Telomeres on chromosomes

A new study has provided insights into the biological mechanism that supports survival of hard-to-treat cancers.

In the new study, led by scientists at The Institute of Cancer Research and published in Nature Communications, researchers identify a new cellular role of a protein called EXD2 nuclease and, importantly, its role in the so-called ALT (alternative lengthening of telomeres) pathway.

The study, which was funded by the ICR and Cancer Research UK, also provides potential new targets for cancer drugs.

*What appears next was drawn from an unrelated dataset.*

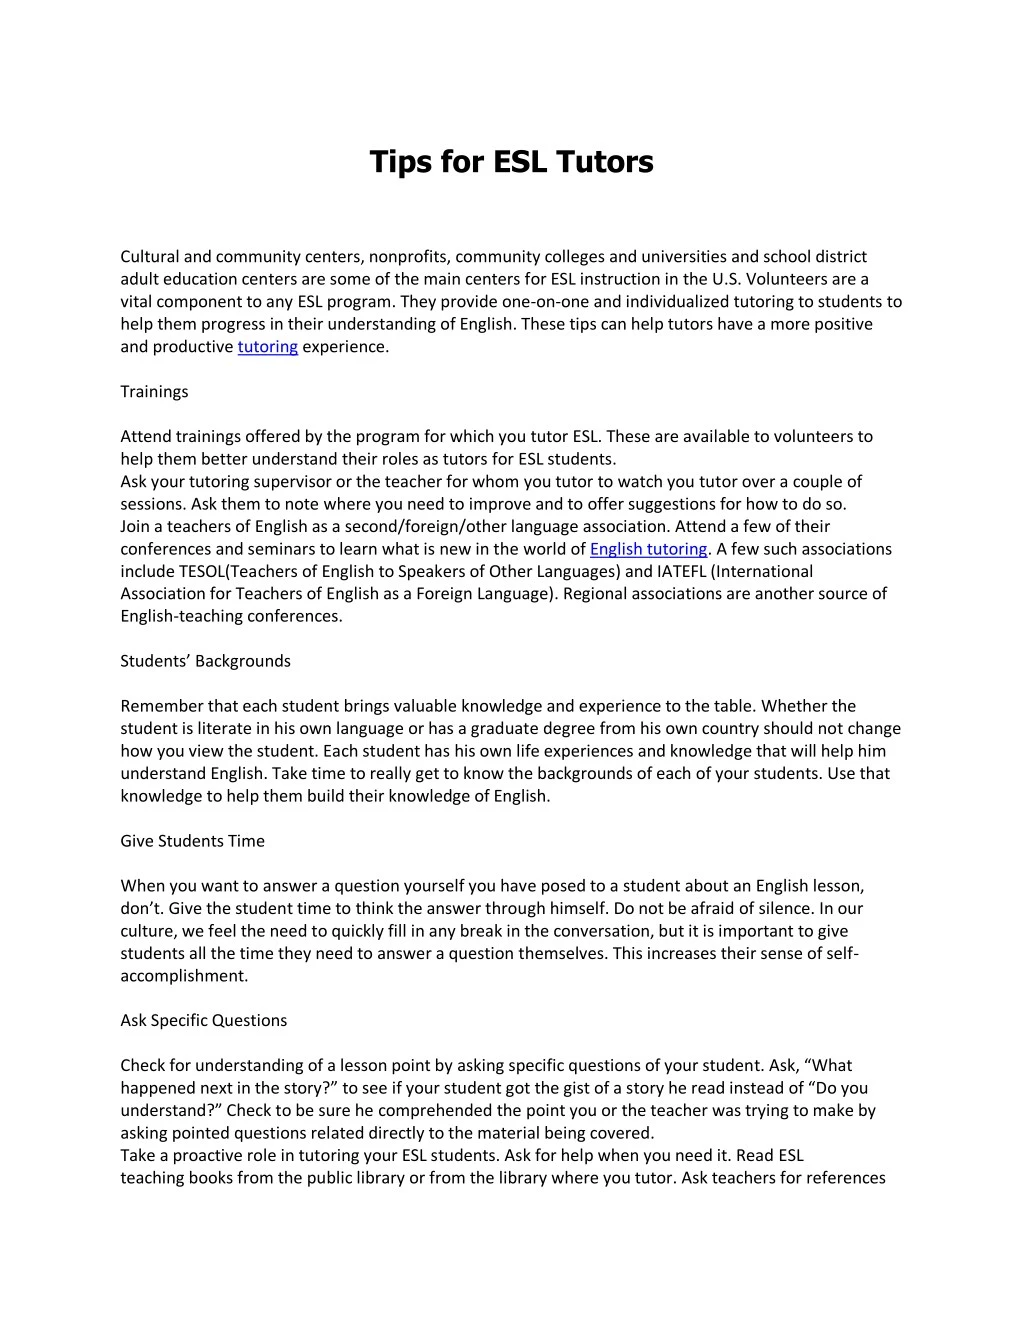 tips for esl tutors

Professor Wojciech Niedzwiedz, Leader of the Genome Instability and Cancer group at the Institute of Cancer Research, London, said: “Some 10-15% of cancers support cell proliferation via the ALT mechanism, including up to 50% of hard-to-treat osteosarcomas, soft tissue sarcomas and primary brain tumours – including childhood brain tumours. These ALT-reliant cancers are highly aggressive and there are very limited treatment options. Understanding how these tumours maintain telomeres to sustain unlimited growth, at the molecular level, is therefore essential to help develop new therapies.

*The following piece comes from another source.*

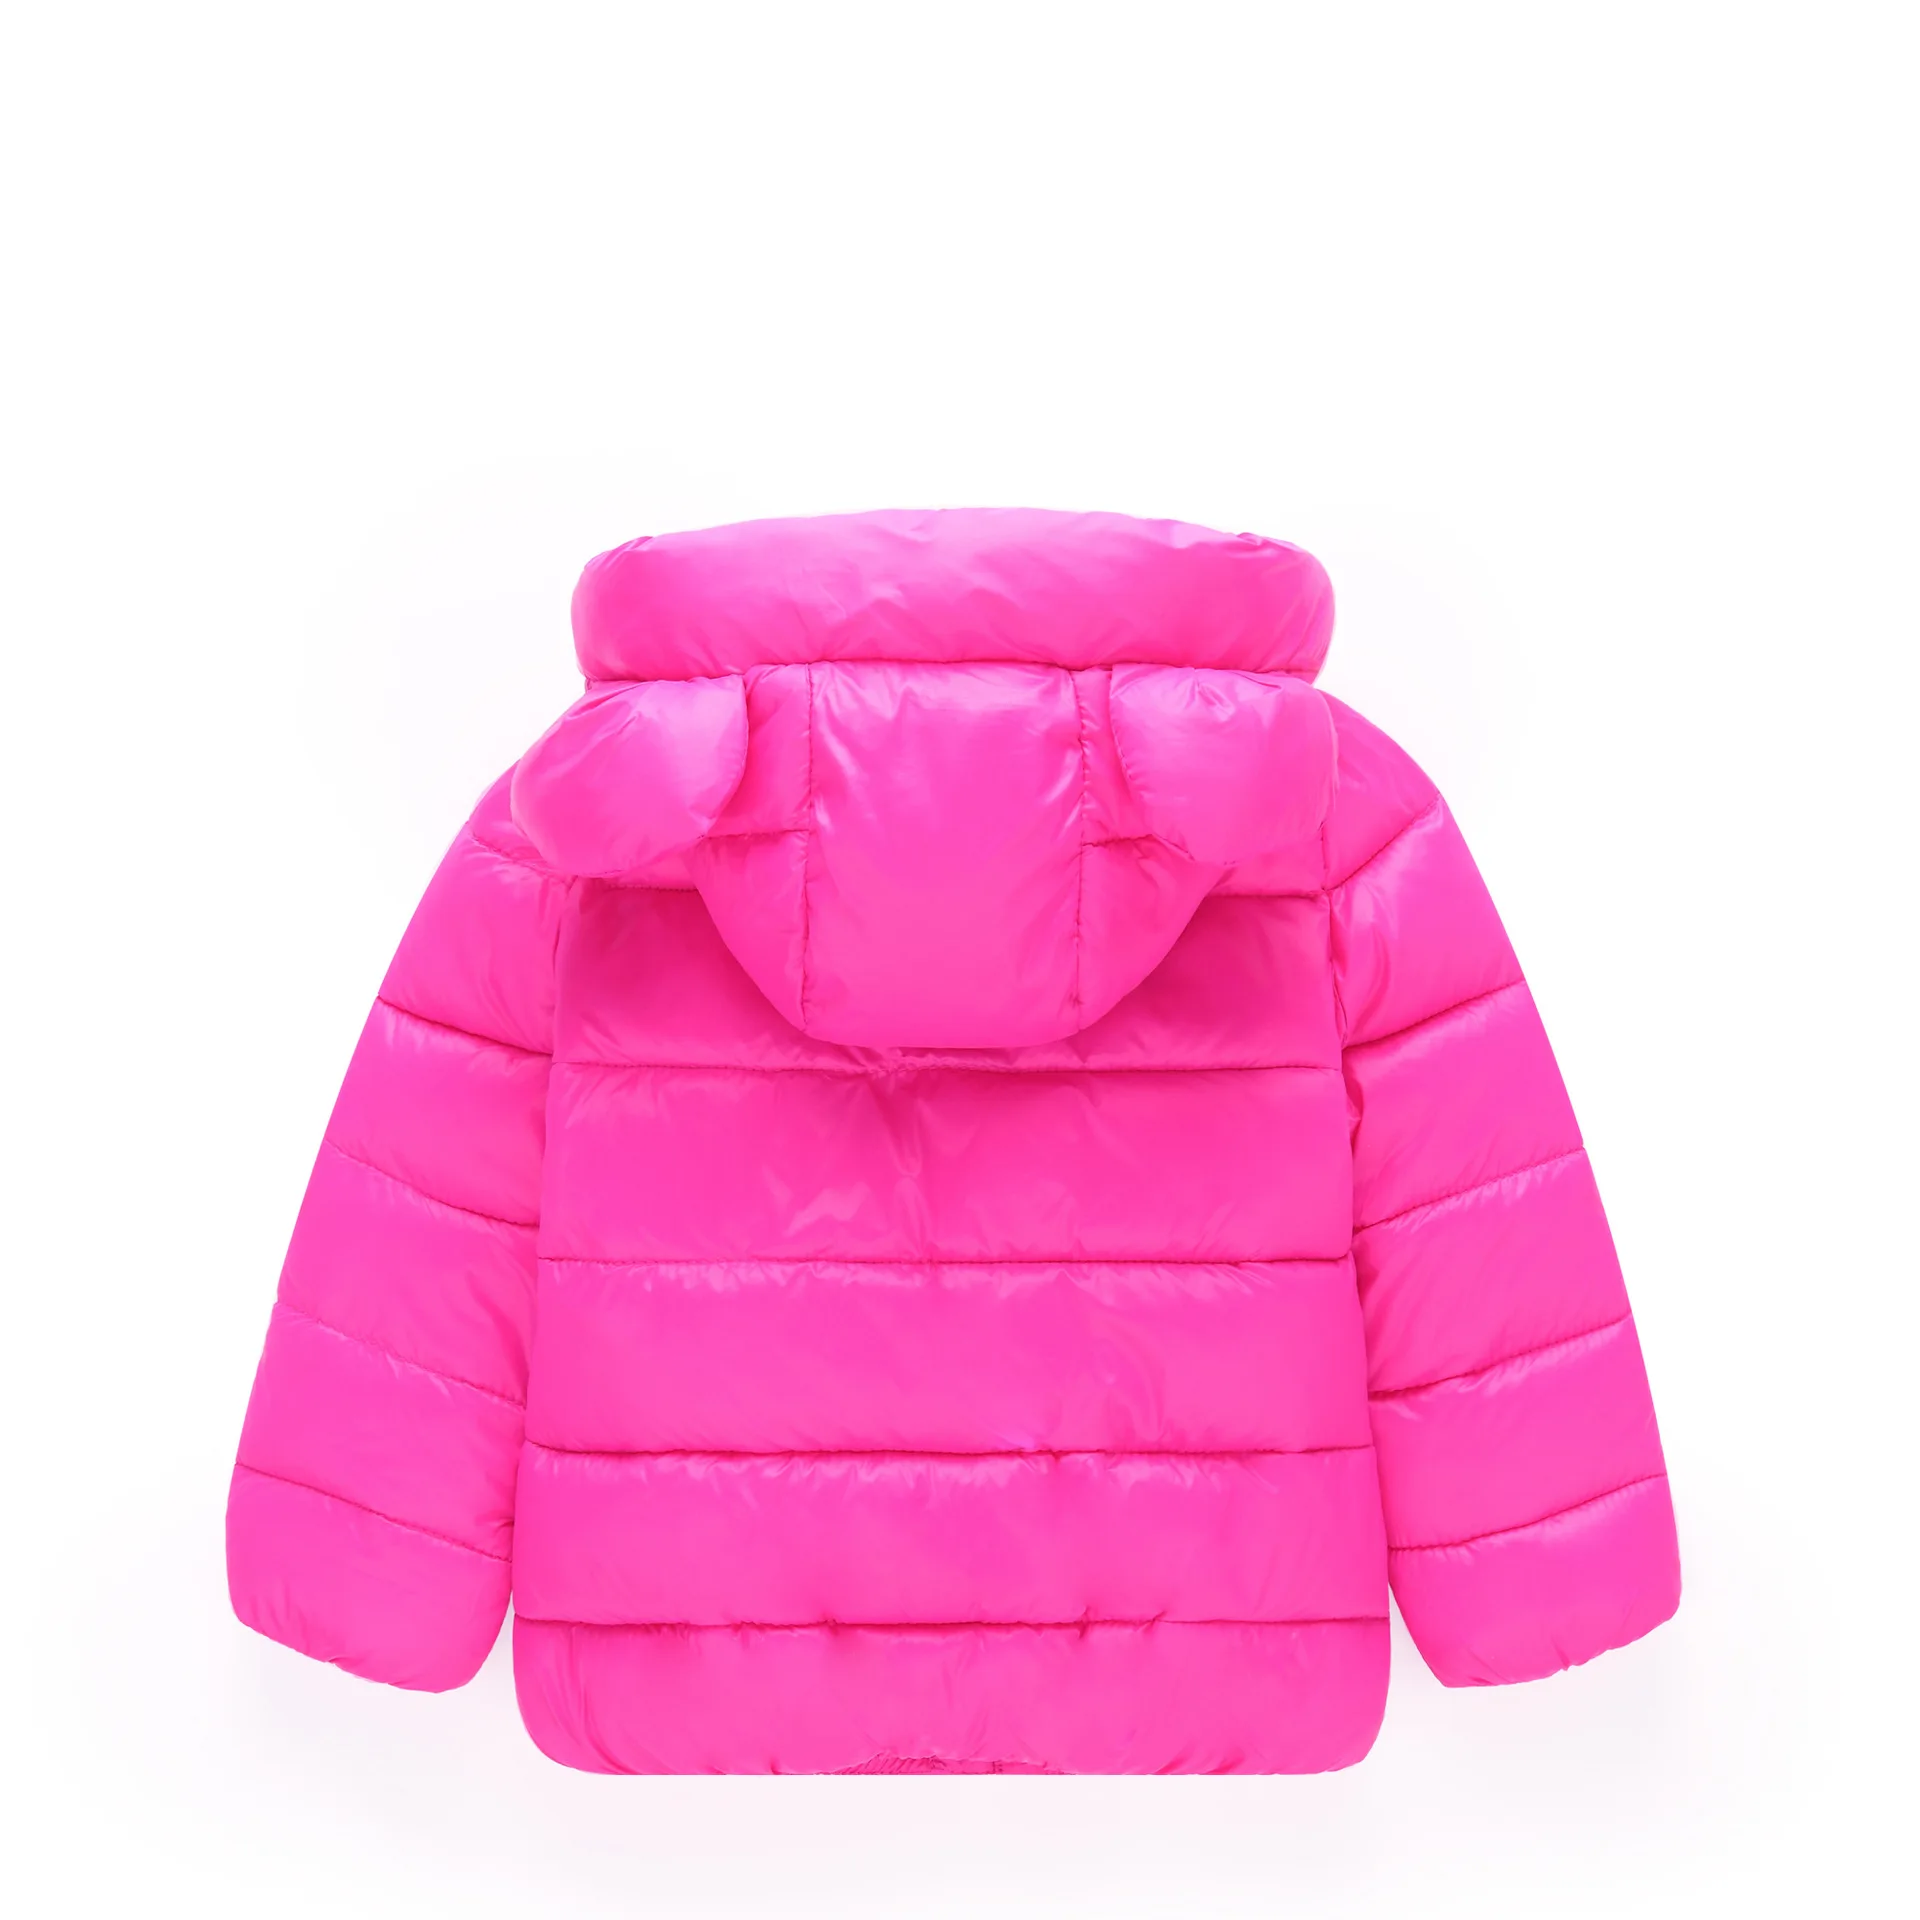 Детская куртка, верхняя одежда зимняя куртка для девочек и мальчиков, коллекция года, теплое пуховое пальто модная детская одежда с капюшоном и рисунком для детей возрастом от 3 до 6 лет

“Our study expands on our understanding of how cancer cells look after their telomeres in order to achieve immortality. Importantly, it also uncovers new synthetic lethal interactions within the ALT pathway and as such, paves the way for the development of new anti-cancer therapies.’’

The ALT pathway

Telomeres act like a protective cap during normal cell division but shorten every time a cell divides, which makes cell death inevitable over time. This means that to survive and proliferate, cancer cells must subvert this natural process of telomere shortening, maintaining the length of their telomeres.

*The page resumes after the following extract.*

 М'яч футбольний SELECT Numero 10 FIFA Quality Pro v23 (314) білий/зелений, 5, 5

They achieve this through two different mechanisms: either through activation of telomerase – an enzyme that promotes lengthening of telomeres – or via the ALT process. There is very limited knowledge about how ALT works – and yet it’s one of the fundamental pathways in those cancers.

The researchers established that EXD2 is essential to promote telomere maintenance via a process called break-induced replication, and discovered that the loss of EXD2 in ALT cells resulted in telomere shortening.

Importantly, the study also found that EXD2 depletion killed ALT-dependent cancer cells if combined with the loss of other DNA repair proteins – such as BLM, DNA2 and POLD3.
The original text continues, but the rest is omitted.